I hadn't really heard of the TPU chips until a couple weeks ago when my boss told me about how he uses USB versions for at-home ML processing of his closed network camera feeds. At first I thought he was using NVIDIA GPUs in some sort of desktop unit and just burning energy...but I looked the USB things up and they're wildly efficient and he says they work just fine for his applications. I was impressed.

[–] darkevilmac@lemmy.zip 8 points 4 months ago

Yeah they're pretty impressive for some at home stuff and they're not even that costly.

[–] dan@upvote.au 8 points 4 months ago

The Coral is fantastic for use cases that don't need large models.

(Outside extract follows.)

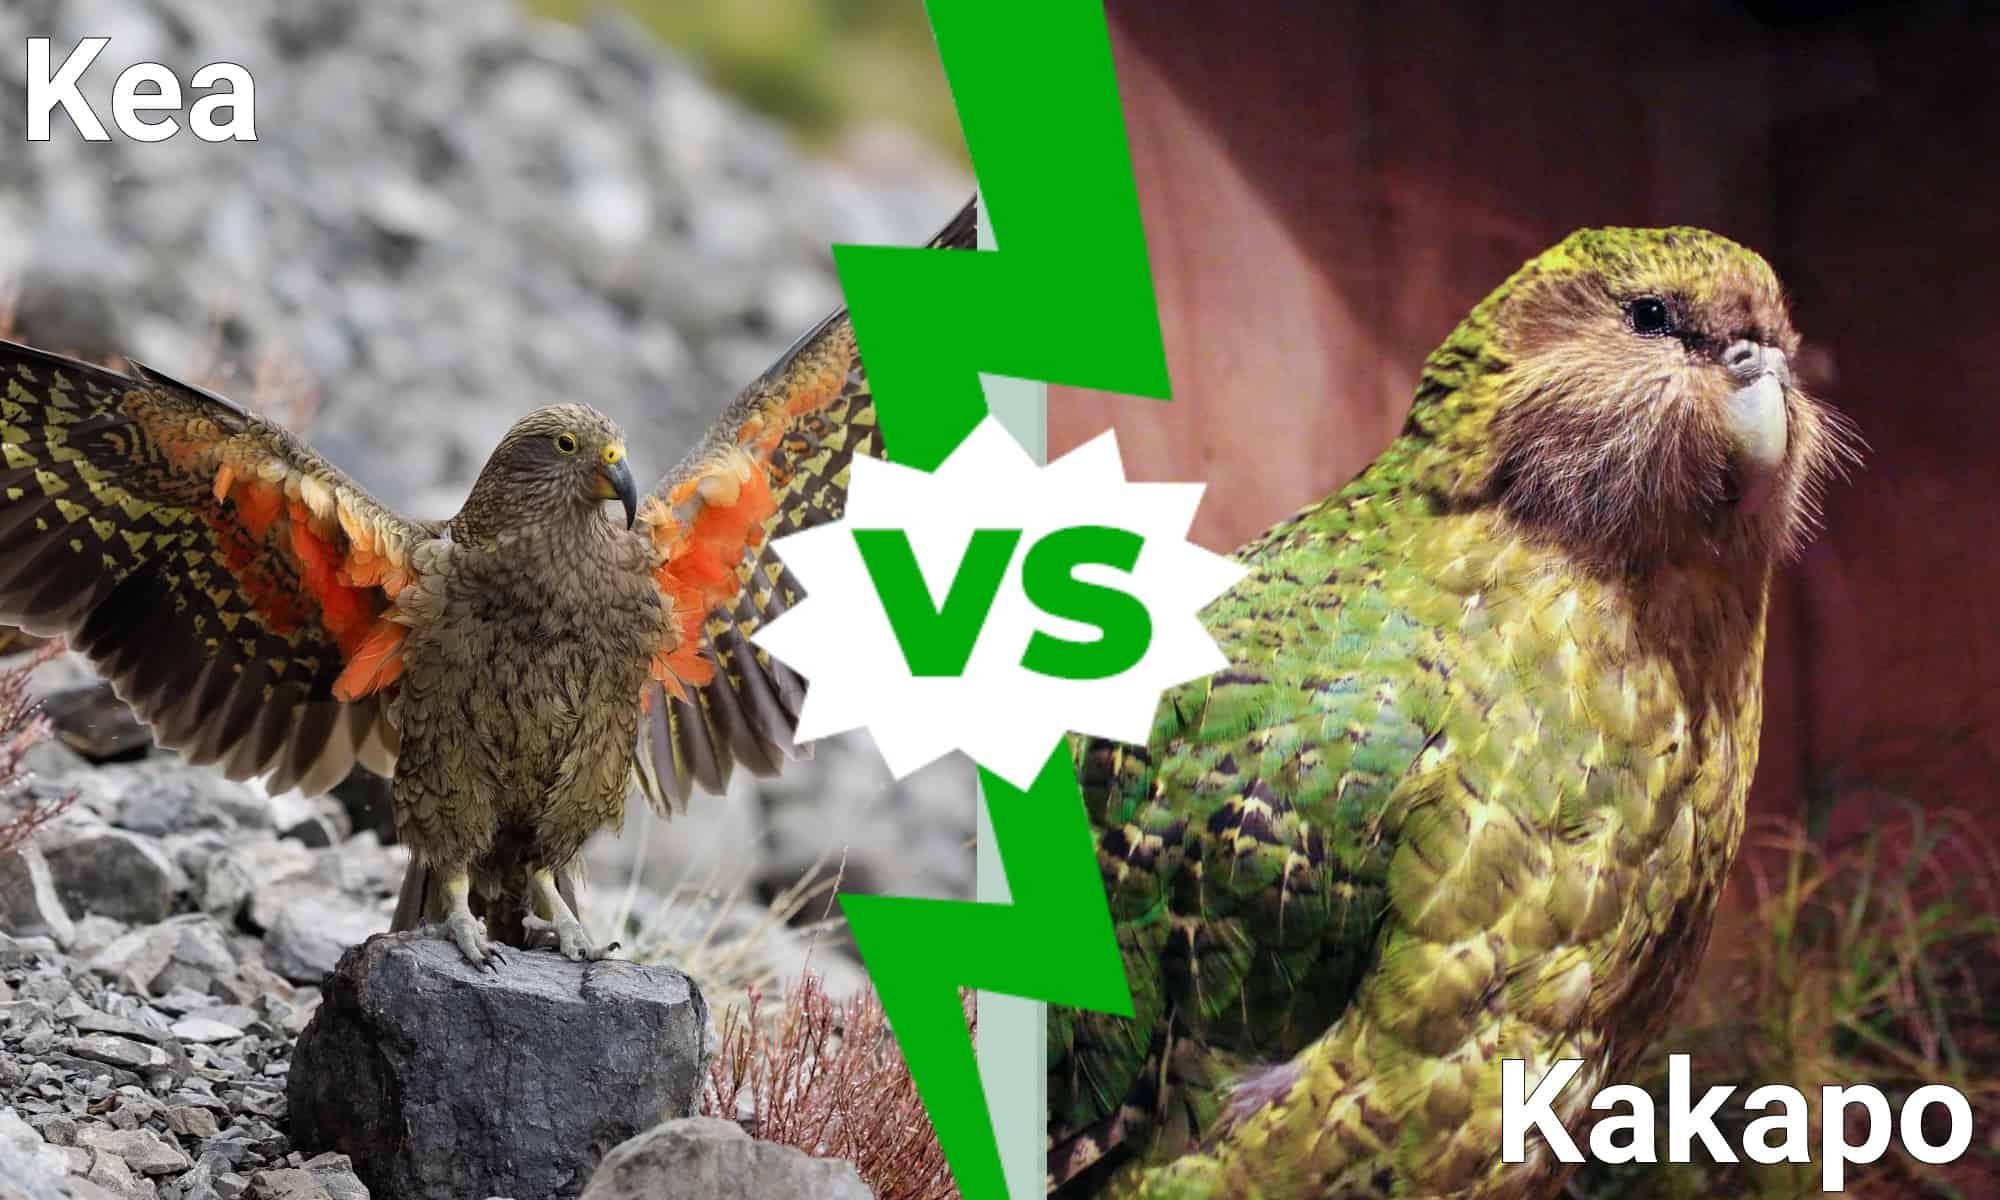 Kea Vs. Kakapo: What's the Difference?

Object recognition for security cameras (using Blue Iris or Frigate) is a common use case, but you can also do things like object tracking (track where individual objects move in a video), pose estimation, keyphrase detection, sound classification, and more.

It runs Tensorflow Lite, so you can also build your own models.

Pretty good for a $25 device!

[–] dan@upvote.au 6 points 4 months ago* (last edited 4 months ago)

I'm pretty sure Google uses their TPU chips

The Coral ones? They don't have nearly enough RAM to handle LLMs - they only have 8MB RAM and only support small Tensorflow Lite models.

Google might have some custom-made non-public chips though - a lot of the big tech companies are working on that.

instead of a regular GPU

I wouldn't call them regular GPUs... AI use cases often use products like the Nvidia H100, which are specifically designed for AI. They don't have any video output ports.